WORK TASK: Retype the data exactly, from its first line to the line containing "This is an example", including both, and skip any picture.

** PROVIDED DATA follows **

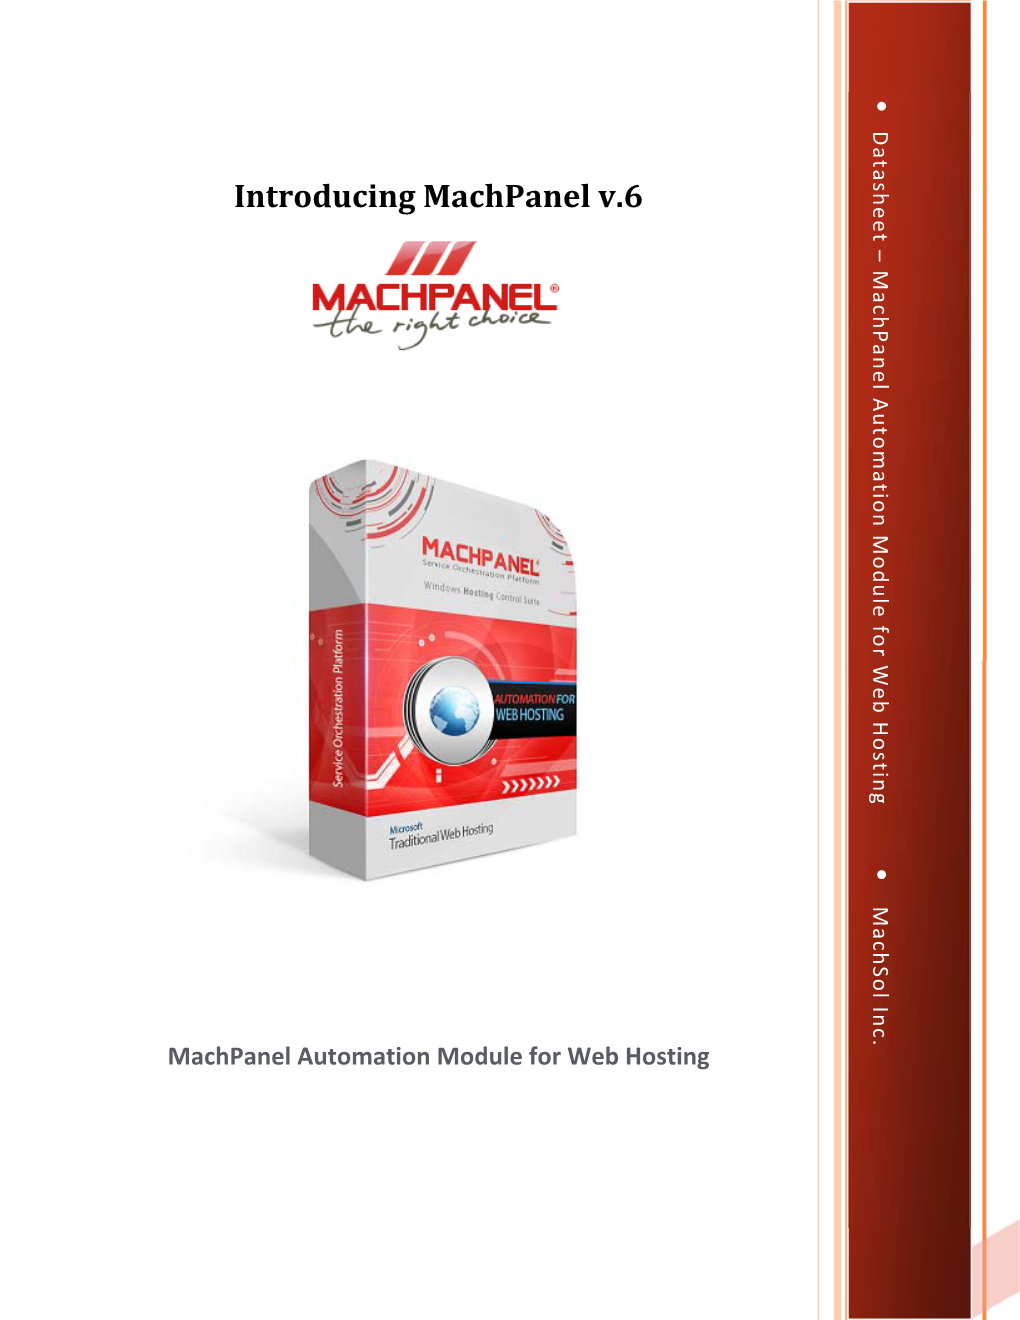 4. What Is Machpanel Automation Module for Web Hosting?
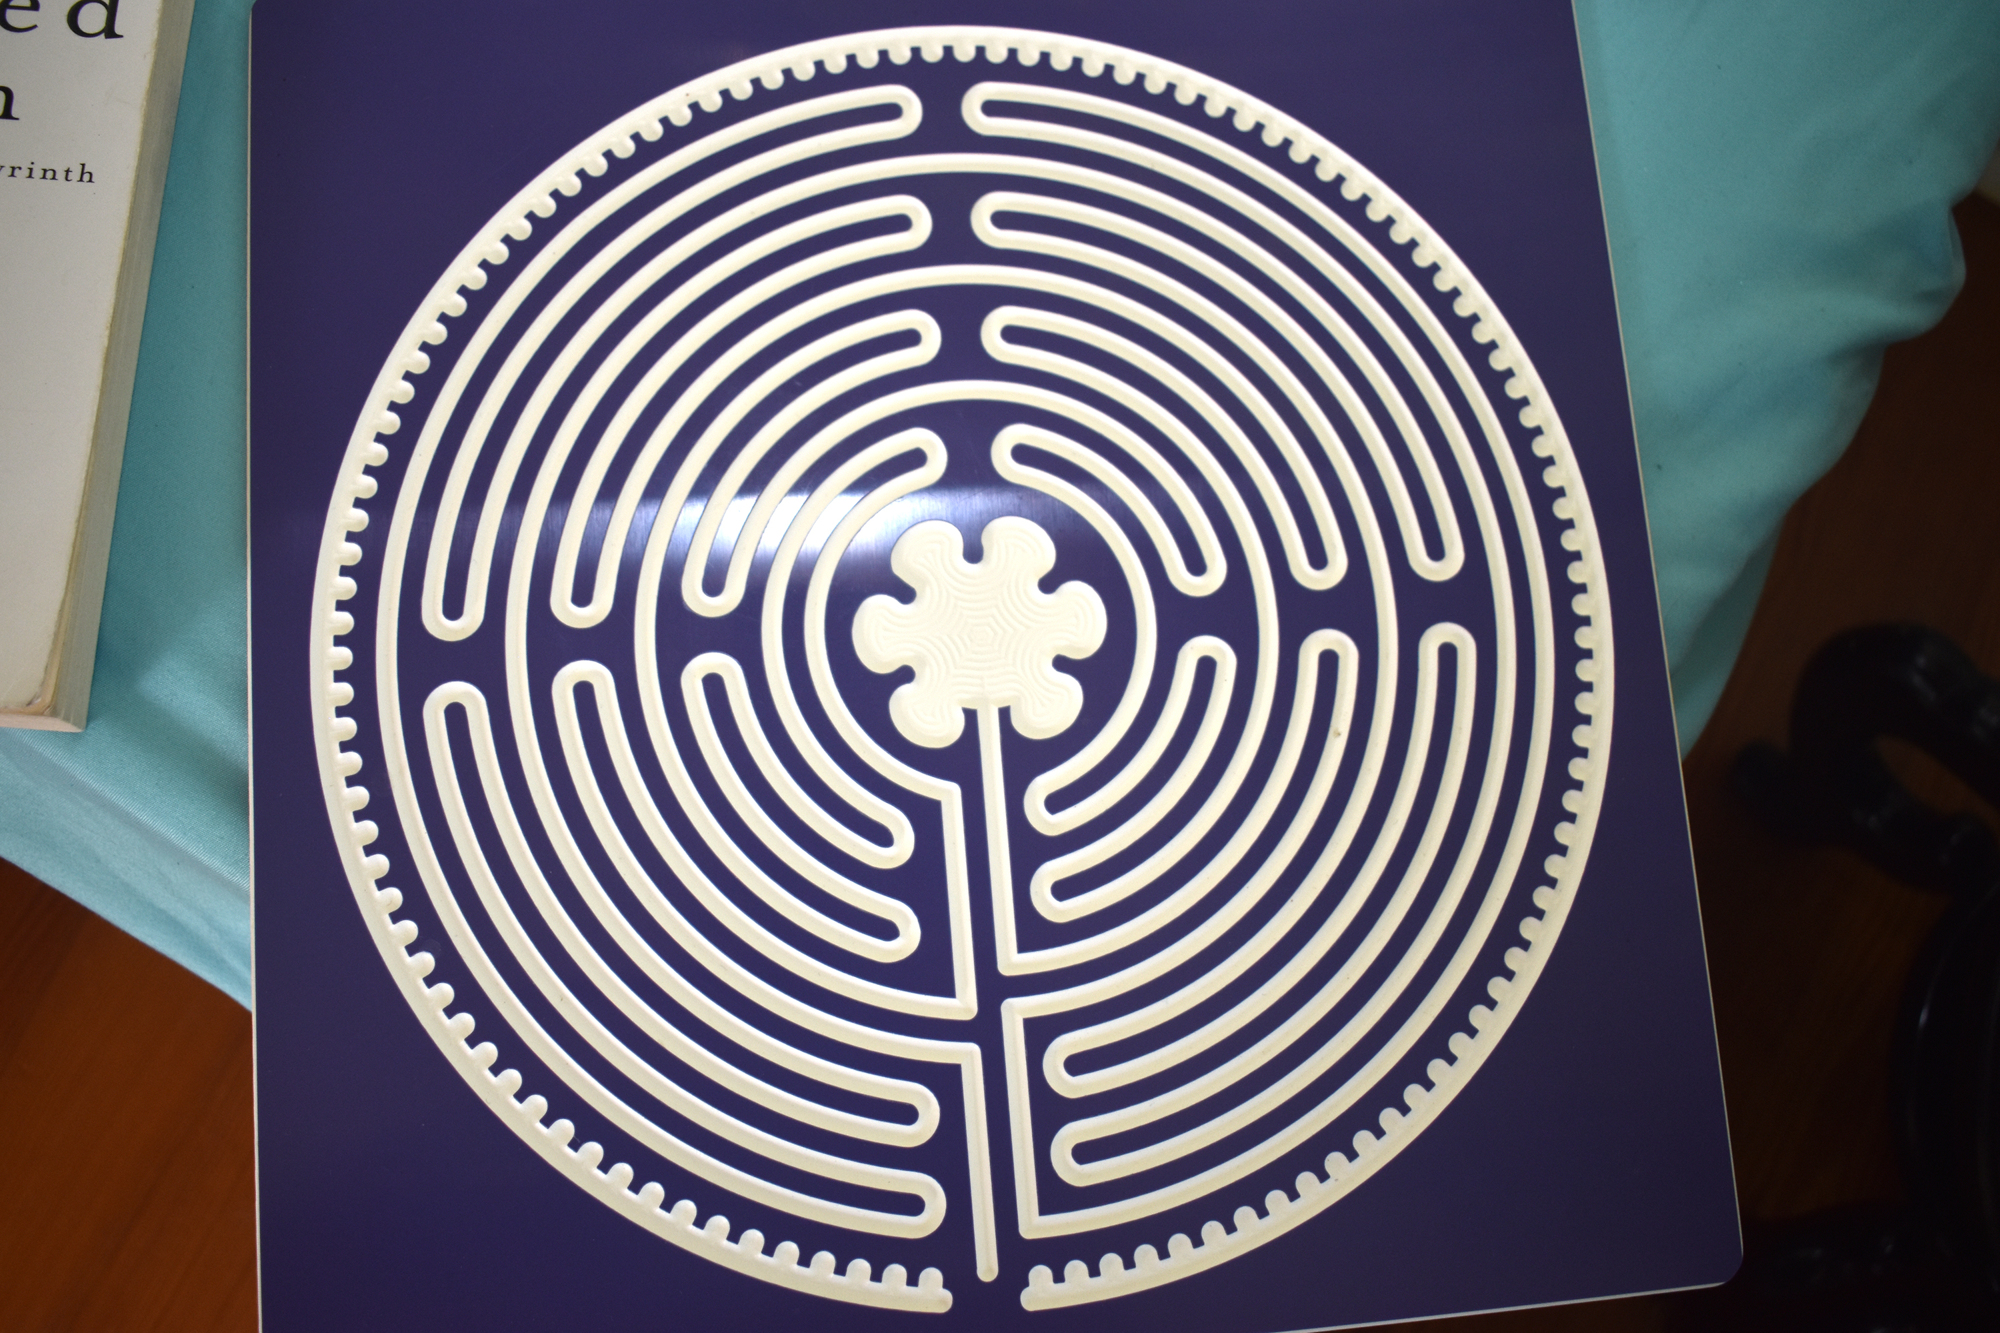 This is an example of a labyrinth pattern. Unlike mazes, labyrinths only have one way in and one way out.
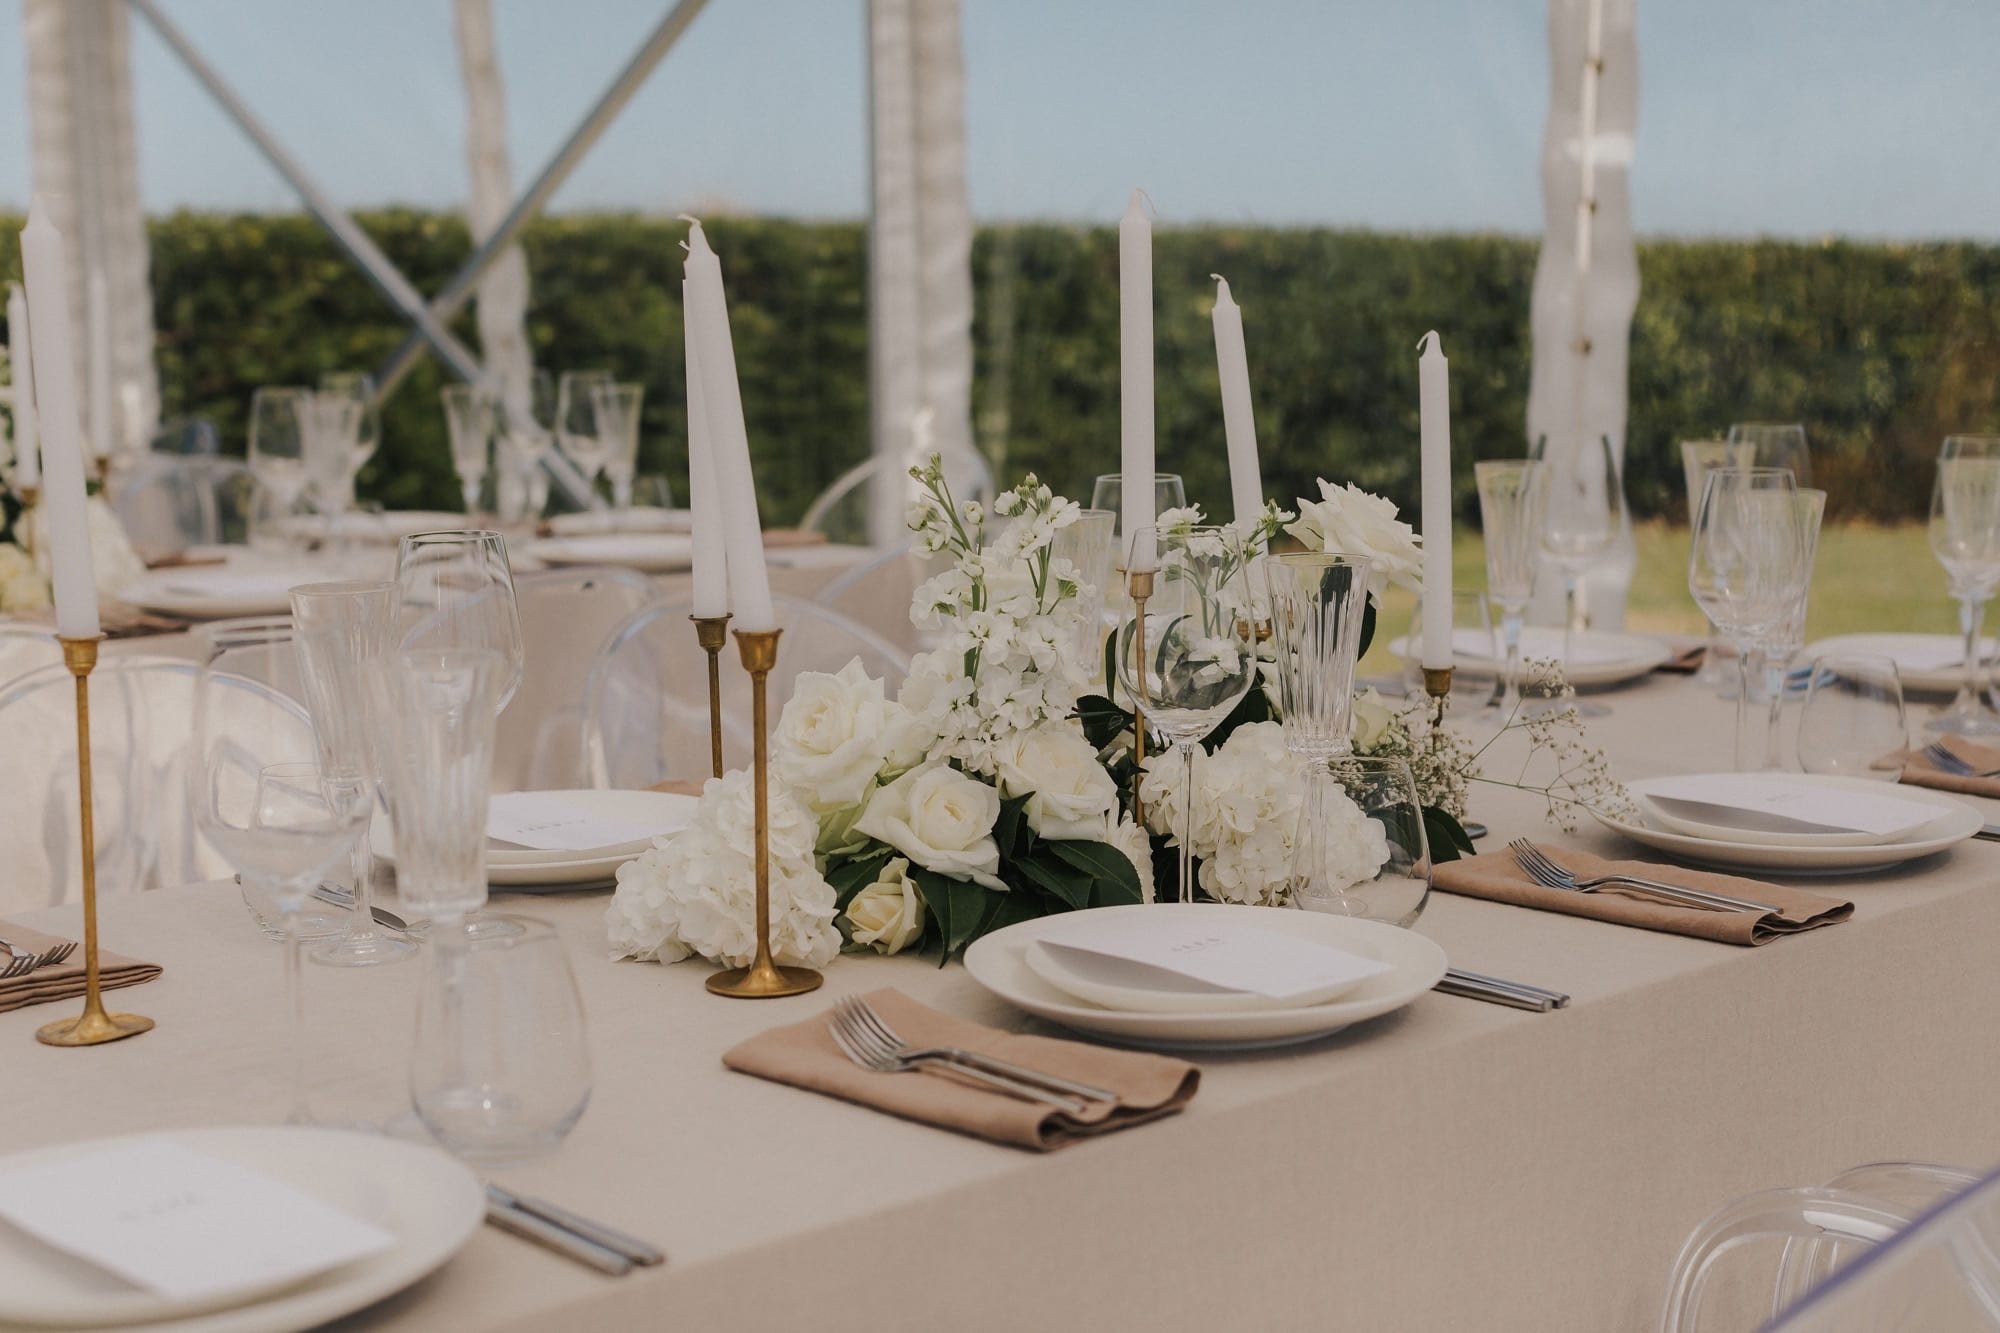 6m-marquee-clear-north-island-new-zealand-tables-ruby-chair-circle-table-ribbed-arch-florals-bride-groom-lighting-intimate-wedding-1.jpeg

** End of PROVIDED DATA **

TASK SOLUTION:
 4. What Is Machpanel Automation Module for Web Hosting?
 This is an example of a labyrinth pattern. Unlike mazes, labyrinths only have one way in and one way out.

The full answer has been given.